## INFORMATION

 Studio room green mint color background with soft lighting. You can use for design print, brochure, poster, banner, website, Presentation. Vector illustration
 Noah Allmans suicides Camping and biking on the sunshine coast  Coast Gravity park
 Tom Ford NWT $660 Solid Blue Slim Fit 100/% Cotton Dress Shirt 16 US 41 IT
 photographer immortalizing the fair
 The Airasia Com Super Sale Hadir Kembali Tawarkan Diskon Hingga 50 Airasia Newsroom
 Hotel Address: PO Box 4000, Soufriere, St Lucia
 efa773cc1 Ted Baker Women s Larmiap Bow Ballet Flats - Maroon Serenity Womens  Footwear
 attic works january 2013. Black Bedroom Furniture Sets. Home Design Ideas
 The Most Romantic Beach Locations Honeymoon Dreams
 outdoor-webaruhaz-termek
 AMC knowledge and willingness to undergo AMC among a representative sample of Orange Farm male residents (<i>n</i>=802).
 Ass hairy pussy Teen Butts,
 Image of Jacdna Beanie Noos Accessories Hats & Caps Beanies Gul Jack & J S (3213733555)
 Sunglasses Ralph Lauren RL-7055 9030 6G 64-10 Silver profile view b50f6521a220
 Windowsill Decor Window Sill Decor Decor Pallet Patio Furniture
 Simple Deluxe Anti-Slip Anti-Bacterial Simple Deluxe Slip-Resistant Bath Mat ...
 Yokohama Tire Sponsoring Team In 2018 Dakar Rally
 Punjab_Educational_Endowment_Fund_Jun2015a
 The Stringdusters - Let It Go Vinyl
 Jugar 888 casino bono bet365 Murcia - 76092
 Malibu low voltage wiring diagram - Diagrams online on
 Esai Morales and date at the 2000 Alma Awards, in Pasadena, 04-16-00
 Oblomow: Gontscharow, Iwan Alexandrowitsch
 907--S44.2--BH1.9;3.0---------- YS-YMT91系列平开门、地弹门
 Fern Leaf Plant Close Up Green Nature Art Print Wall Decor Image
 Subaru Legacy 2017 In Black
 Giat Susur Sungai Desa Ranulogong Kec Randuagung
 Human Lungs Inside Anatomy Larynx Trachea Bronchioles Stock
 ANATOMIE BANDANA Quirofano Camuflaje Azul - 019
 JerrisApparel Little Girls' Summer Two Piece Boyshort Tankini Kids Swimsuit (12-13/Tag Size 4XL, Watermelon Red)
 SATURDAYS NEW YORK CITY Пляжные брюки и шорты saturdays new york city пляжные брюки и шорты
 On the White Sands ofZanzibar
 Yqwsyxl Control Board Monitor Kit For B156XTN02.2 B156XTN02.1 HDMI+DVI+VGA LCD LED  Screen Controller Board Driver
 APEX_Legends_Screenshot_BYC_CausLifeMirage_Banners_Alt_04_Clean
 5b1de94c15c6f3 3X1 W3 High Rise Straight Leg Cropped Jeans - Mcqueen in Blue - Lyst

## ASSIGNED TASK
Only a number is expected: the count of lines in the entries that include the string "Furniture".

## RESPONSE FOR THIS EXERCISE
2